Parallel to this, the field must advance xAI and causal modeling frameworks that move beyond correlational outputs toward biological intelligibility. Unlike traditional black-box models, xAI tools can identify the mechanistic underpinnings of predicted effects, providing transparency that fosters both regulatory trust and scientific insight. Causal inference frameworks—such as counterfactual reasoning, graphical models, and pathway reconstruction—enable researchers to trace predicted outcomes back to molecular initiating events or key events in adverse outcome pathways. This mechanistic clarity is not only scientifically rigorous, but also essential for replacing animal models with human-relevant, ethically grounded alternatives.

Equally transformative is the need to embrace validation paradigms that are dynamic, iterative, and performance-centered. The e-validation framework exemplifies this shift by integrating AI tools for reference compound selection, simulation-based protocol design, and post-validation surveillance. Rather than freezing test methods at a single point in time, adaptive validation enables continuous learning, uncertainty monitoring, and context-specific calibration. This is particularly vital for AI models, which evolve with incoming data and may respond to environmental, demographic, or regulatory changes in real-time.
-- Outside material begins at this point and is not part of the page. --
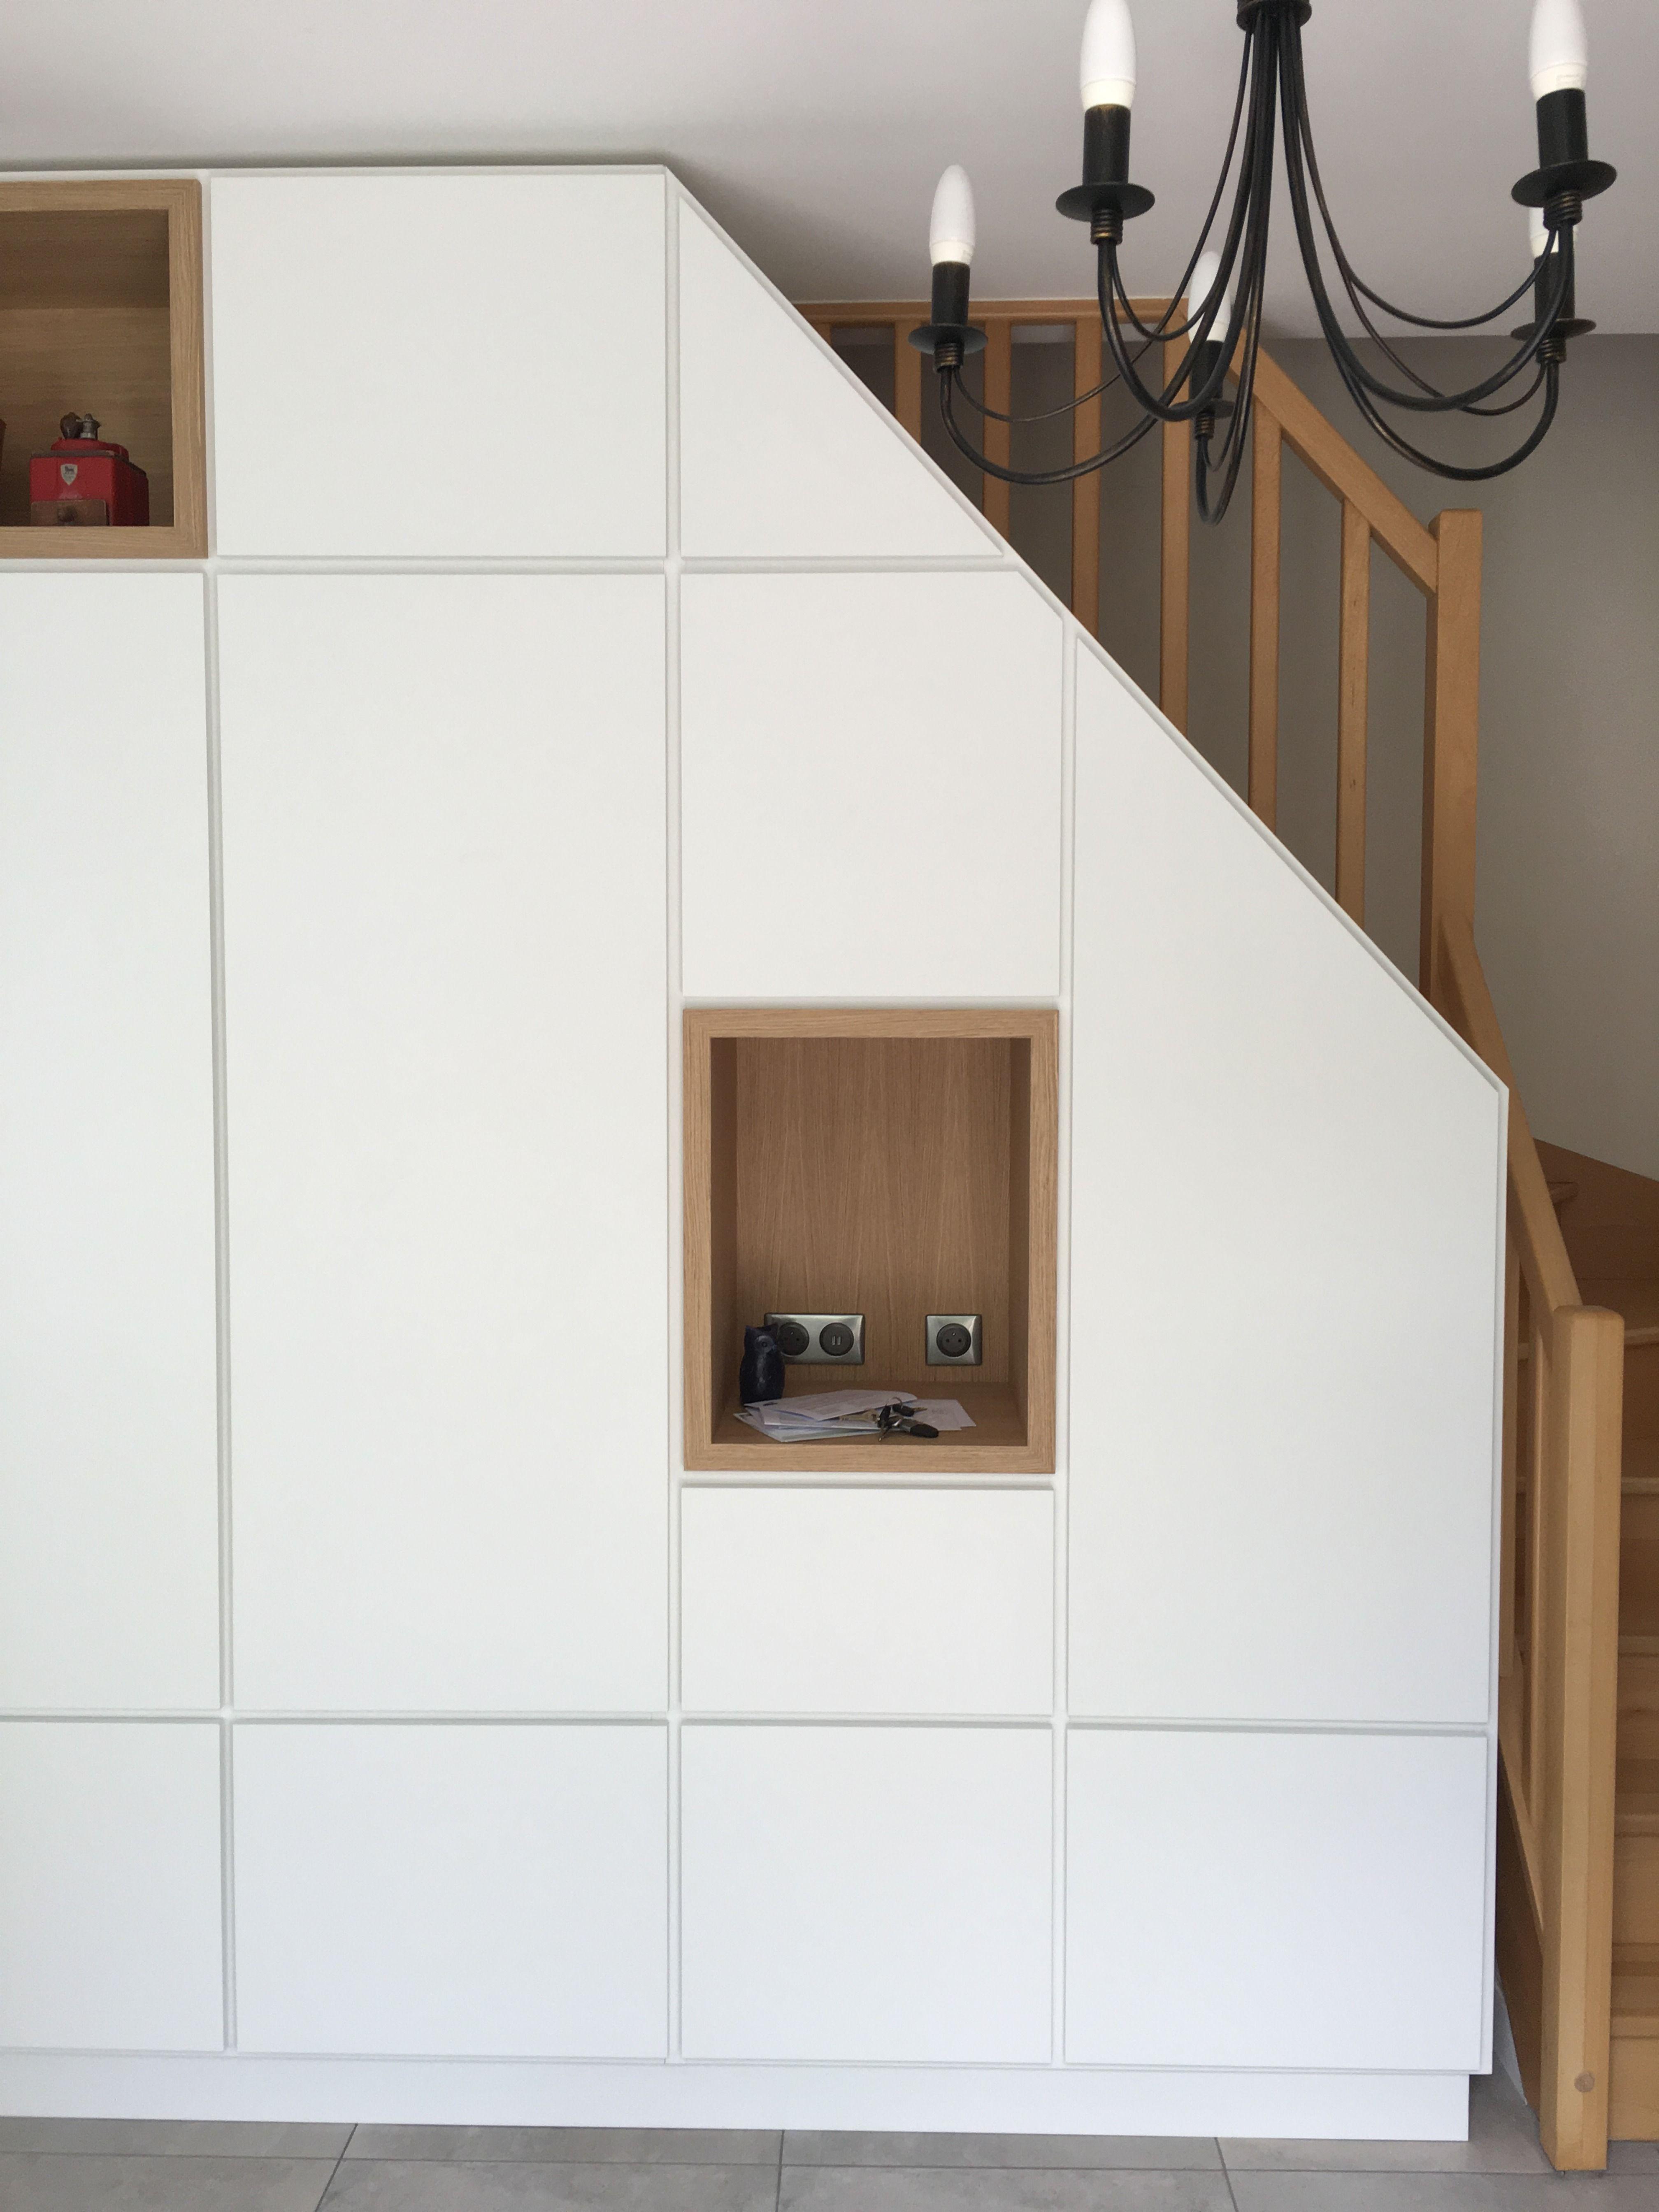 Refaire Escalier Trop Raide agencement sur mesure, meuble sous escalier. zone de

Ultimately, the reinvention of toxicology through AI demands a reimagining of regulatory science itself—not as a rigid gatekeeper of past standards, but as a co-evolving, evidence-driven system capable of learning and adapting alongside the tools it evaluates. Regulatory frameworks must shift from static validation checklists to lifecycle governance models, incorporating probabilistic risk estimates, digital trust audits, and stakeholder-centered transparency protocols. As AI systems increasingly power both prediction and decision-support, the role of regulators will expand to include oversight of algorithmic integrity, post-market surveillance, and equitable deployment.
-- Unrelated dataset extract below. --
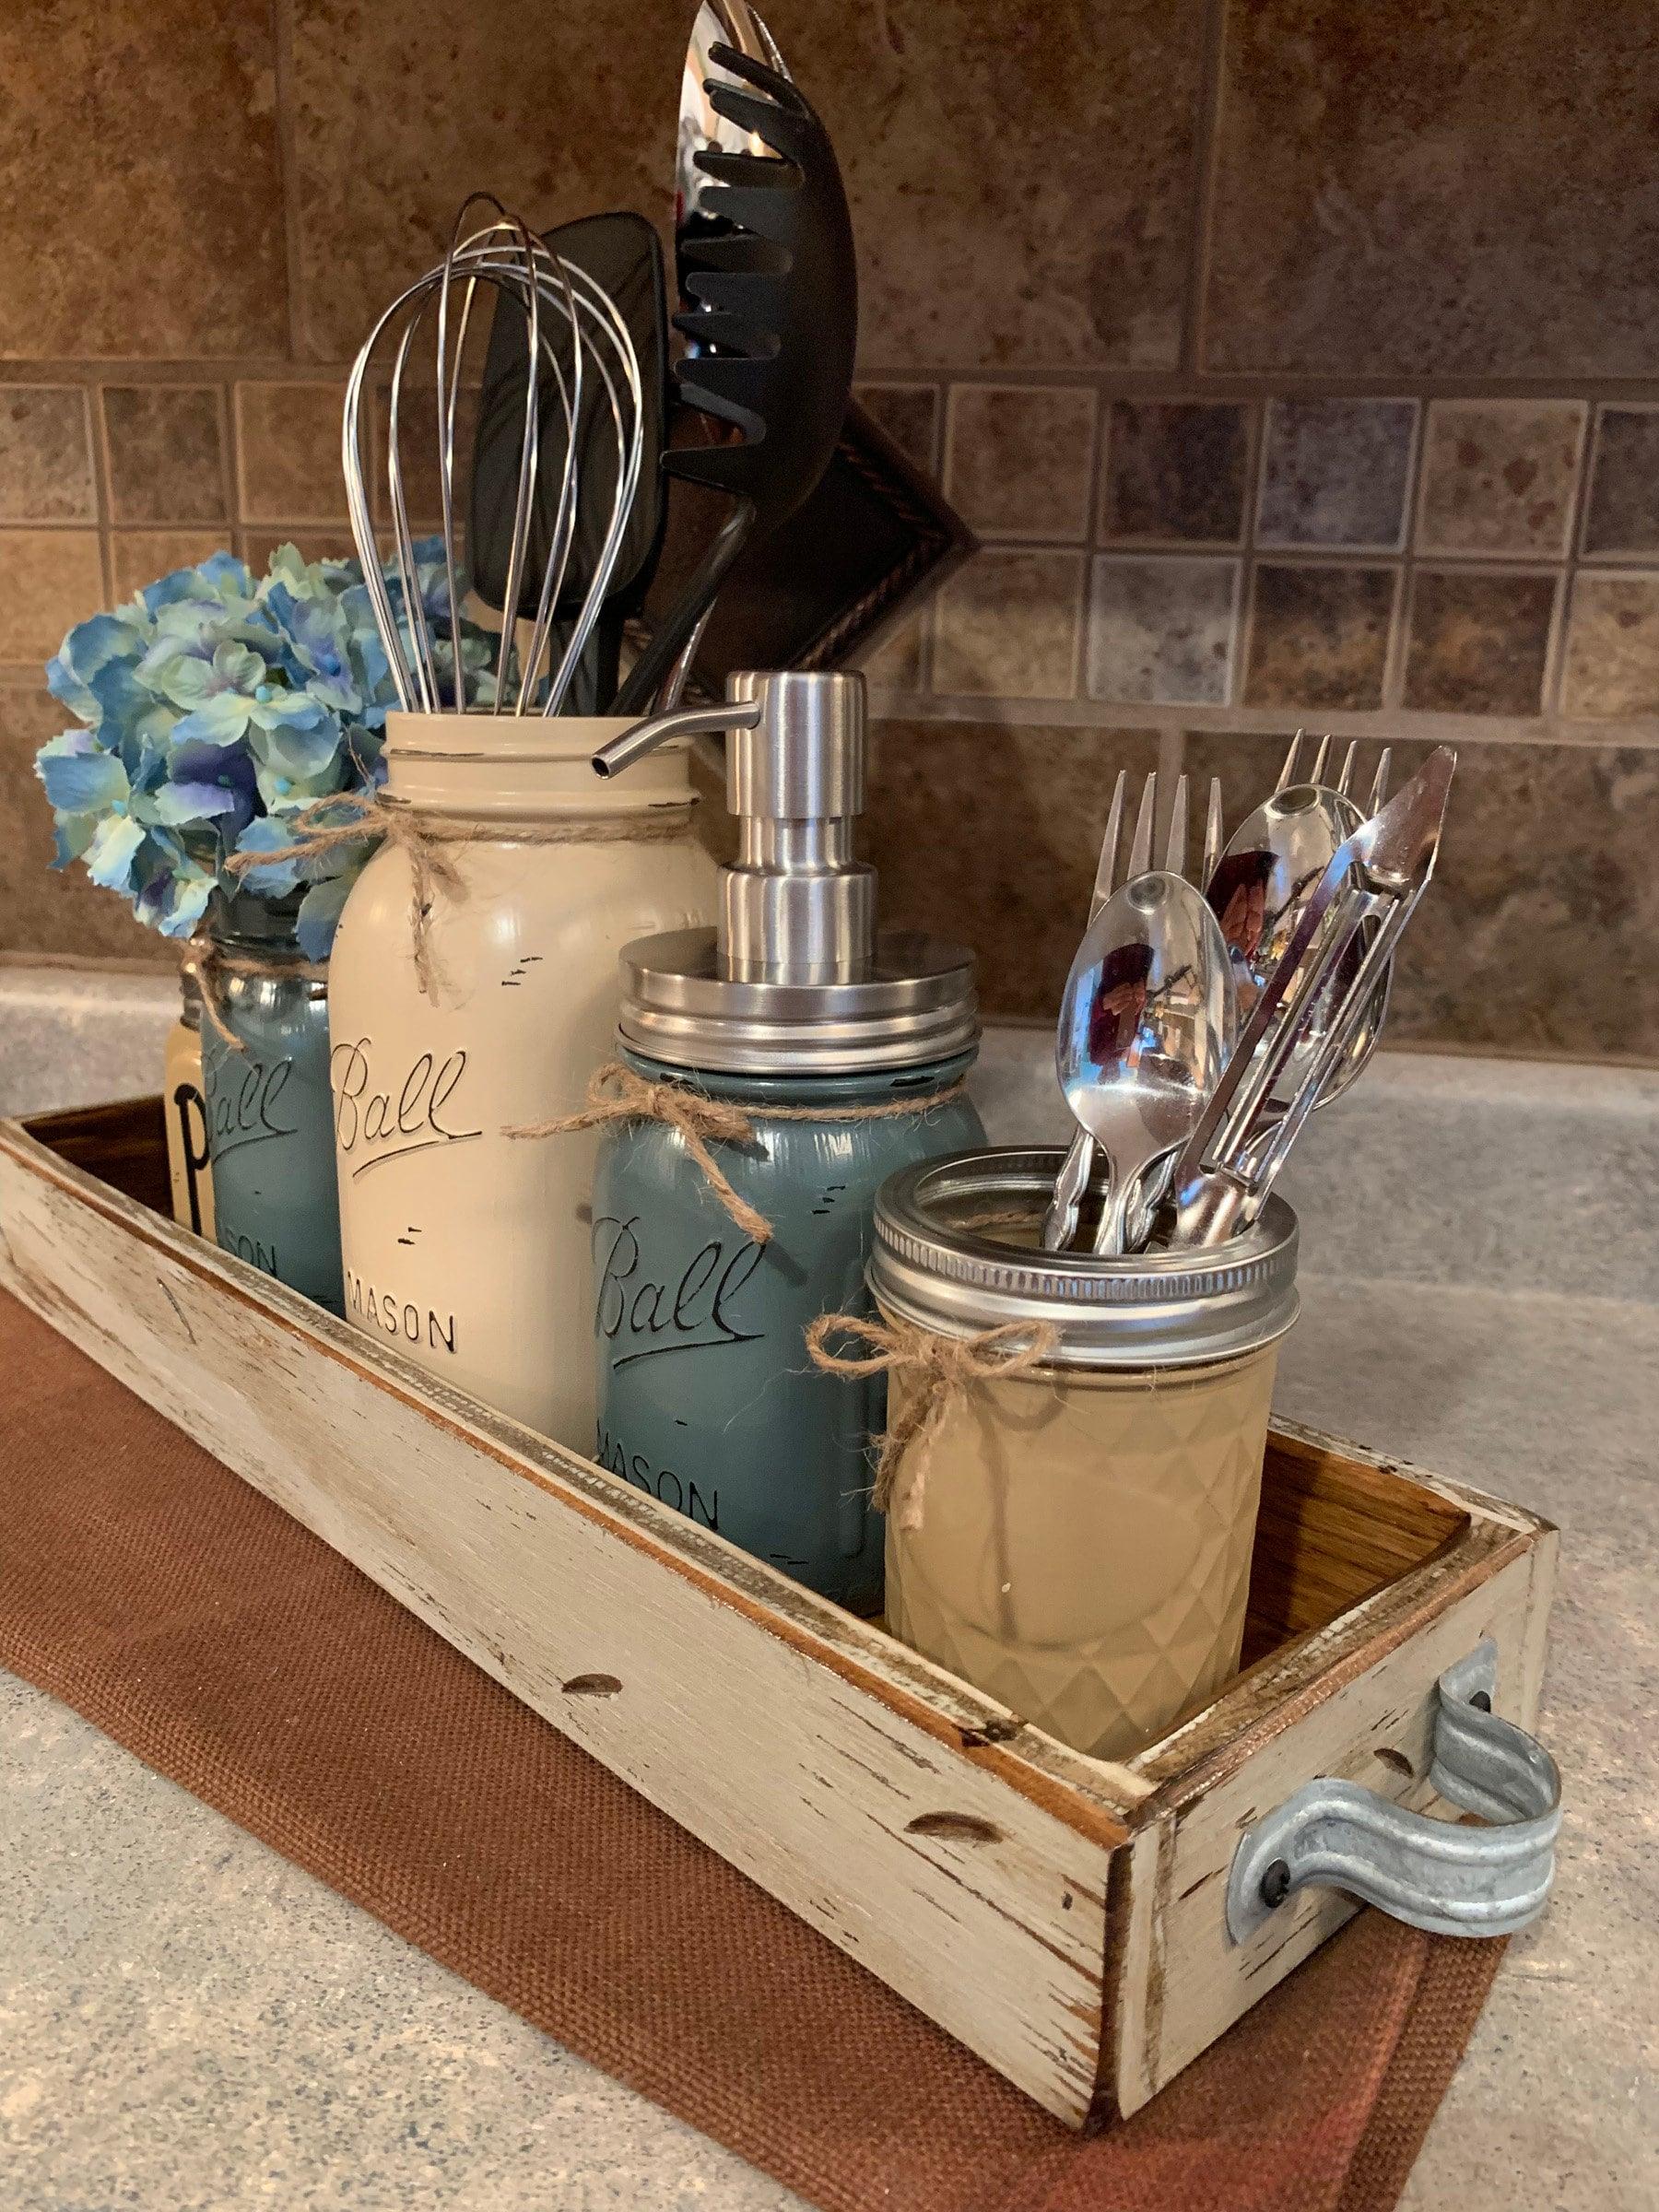 MASON Jar Kitchen Decor Antique Wood TRAY SET, Salt

This reinvention is not merely a technological upgrade—it is a paradigm shift. It offers an opportunity to align toxicology with 21st-century values: replacing harm with prevention, opacity with transparency, and extrapolation with human specificity. In doing so, AI can fulfill its promise not only to accelerate toxicological science, but to transform it into a more just, responsive, and human-centered discipline.

Conclusions

Artificial intelligence is no longer a distant promise for toxicology—it is the transformative force now shaping the discipline's future. Over the course of this review, we have mapped the landscape of AI-driven change in toxicology across technical, regulatory, ethical, and strategic dimensions. These developments mark a critical inflection point: toxicology is transitioning from adapting AI to co-evolving with it, entering a new era of mechanistically grounded, human-relevant, and dynamically validated safety science.
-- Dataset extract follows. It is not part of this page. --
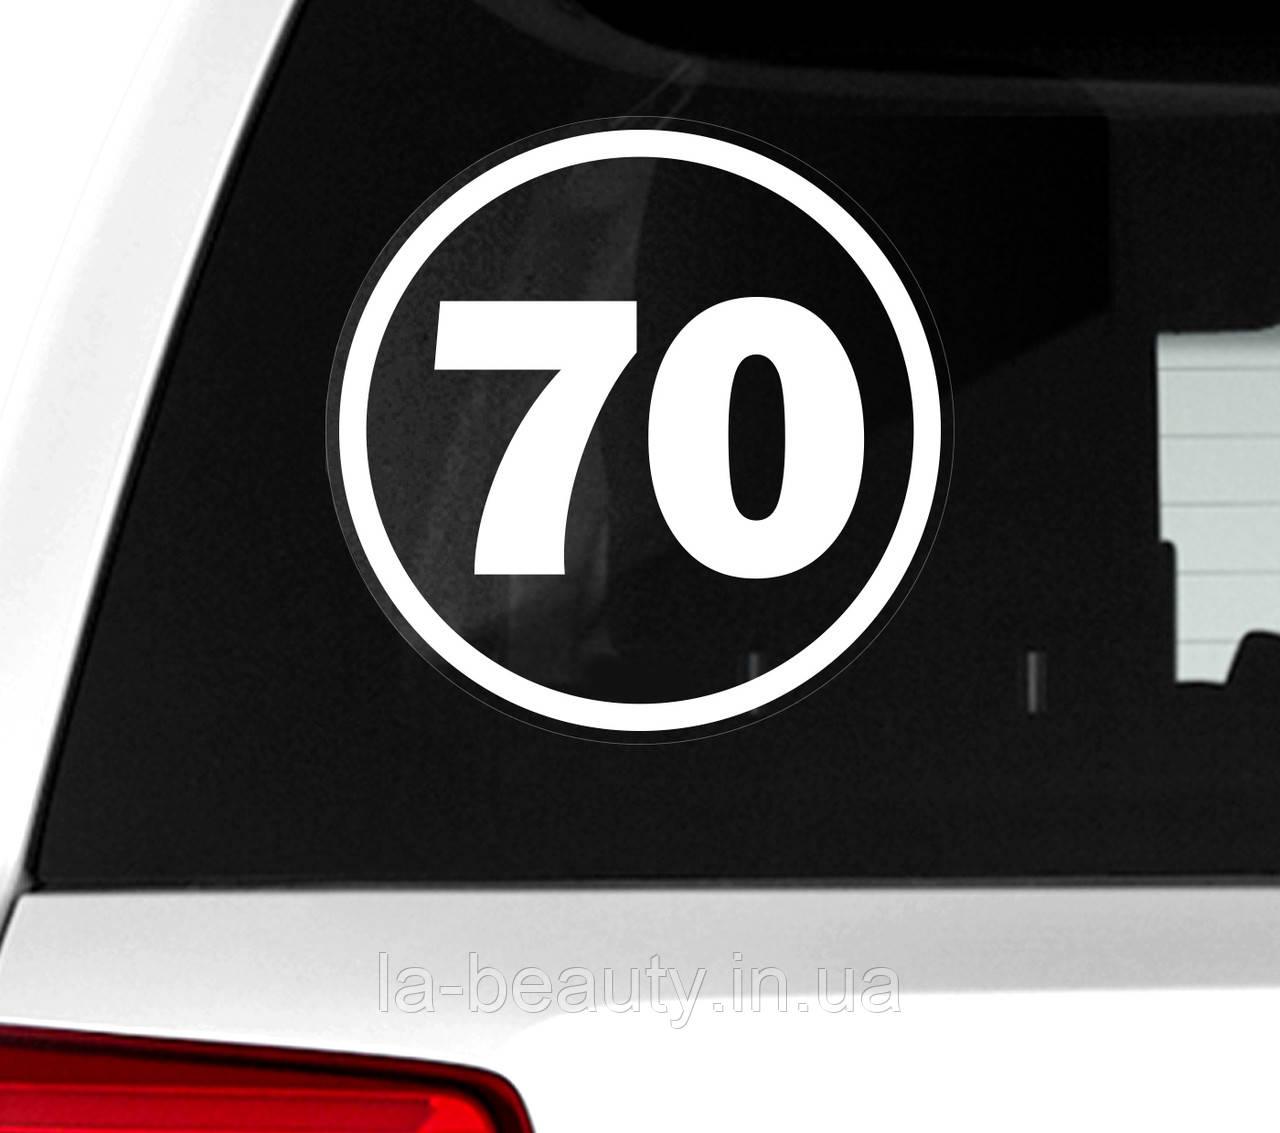 Наклейка знак на машину авто стекло 70 (км, ограничительный знак)

Central to this transformation is the recognition that AI does not merely automate legacy workflows—it reinvents them. Multimodal AI, causal inference, generative modeling, and physics-informed learning have expanded the predictive and interpretive capabilities of toxicology beyond what animal models can achieve. Combined with real-time data access, edge computing, and federated learning, these tools have made toxicology more responsive, personalized, and ethically aligned. The emergence of digital twins and agentic AI systems further signals the rise of intelligent, autonomous toxicology pipelines, capable of simulation, prediction, and adaptation at unprecedented scale.

However, the realization of AI's full potential demands more than technical readiness—it requires a transformation in how toxicology conceptualizes validation, governance, and trust. The e-validation framework, grounded in the TREAT principles, exemplifies this shift [6]. It introduces adaptive, AI-powered modules for selecting reference chemicals, simulating outcomes, cross-validating mechanisms, and ensuring lifecycle monitoring through post-validation companion agents [7].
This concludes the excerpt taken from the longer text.